Orexin-A (also called hypocretin-1) is a 33-amino-acid brain peptide made by a small cluster of neurons in the lateral hypothalamus. It is the body's main "stay awake" signal: when these neurons are destroyed by an autoimmune process, the result is narcolepsy type 1, the disorder defined by sudden uncontrollable sleepiness and cataplexy. The peptide carries two intramolecular disulfide bonds that hold it in the shape required to engage its two receptors (OX1R and OX2R); those bonds are essential for activity and are not represented in the raw 33-letter sequence shown on this card.

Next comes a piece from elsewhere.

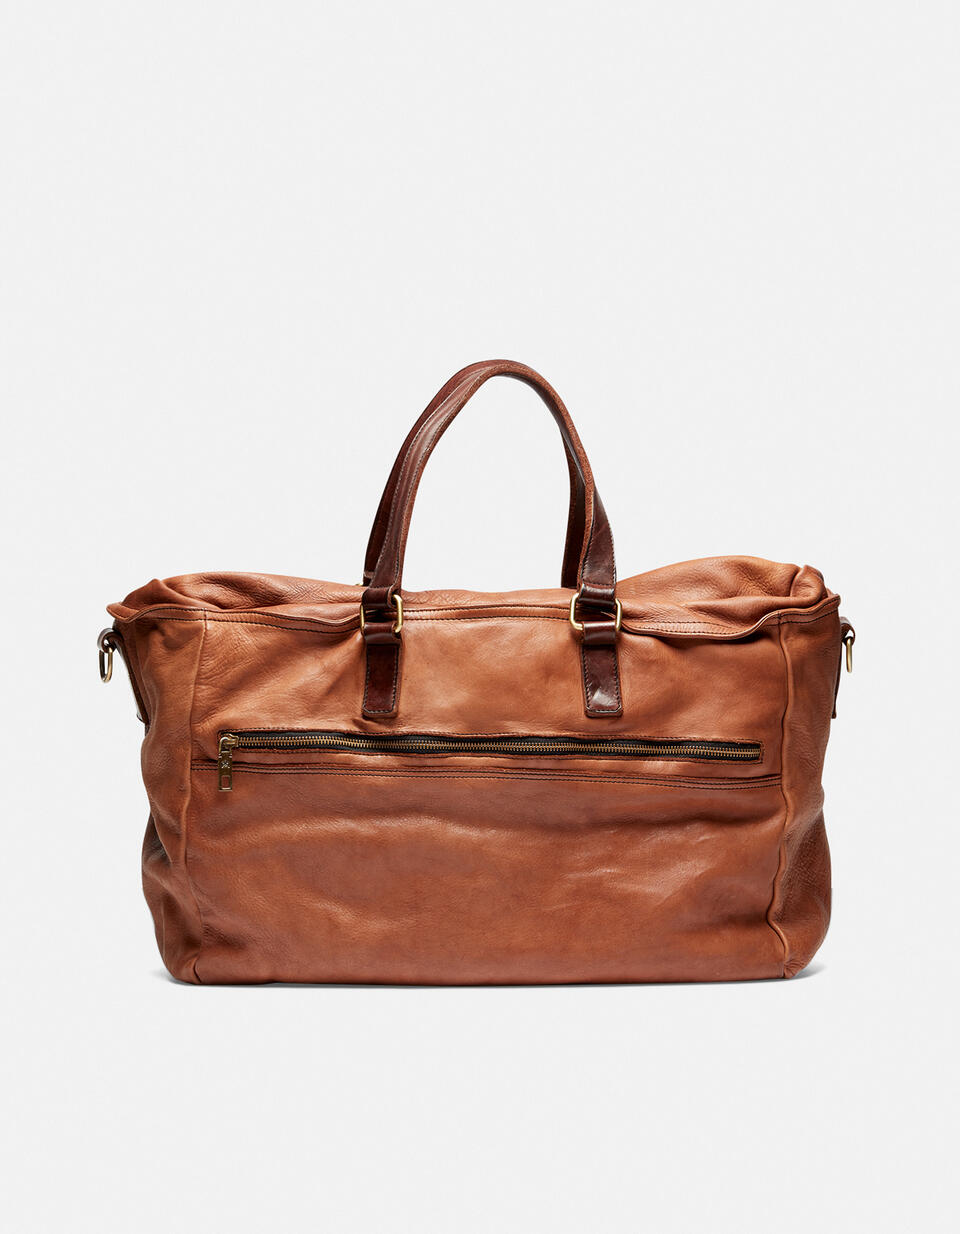 Weekender BRUCIATO  - Luggage - Travel Bags - Cuoieria Fiorentina

Interest in orexin-A as a drug has centered on replacing the lost signal in narcolepsy type 1. Because the peptide does not cross the blood-brain barrier well, the small human studies that have been done used intranasal delivery, which reaches the brain via the olfactory and trigeminal pathways. The broader clinical field has now shifted toward oral small-molecule OX2R-selective agonists, which have shown strong Phase 2 results in narcolepsy type 1 (Dauvilliers et al., NEJM 2025).

History

Orexin-A was discovered twice in the same few weeks of early 1998 by two independent groups working on different questions. At The Scripps Research Institute, de Lecea, Sutcliffe and colleagues used a subtractive-hybridization screen for hypothalamus-specific transcripts and named the resulting peptides "hypocretins" — for their hypothalamic origin and their distant structural relationship to the gut hormone secretin (de Lecea et al., PNAS 1998). At UT Southwestern, Sakurai, Yanagisawa and colleagues identified the same molecules as the natural ligands of two orphan G-protein-coupled receptors and named them "orexins" — from the Greek for appetite — after observing that intracerebroventricular injection stimulated feeding in rats (Sakurai et al., Cell 1998). Both names are still in routine use today.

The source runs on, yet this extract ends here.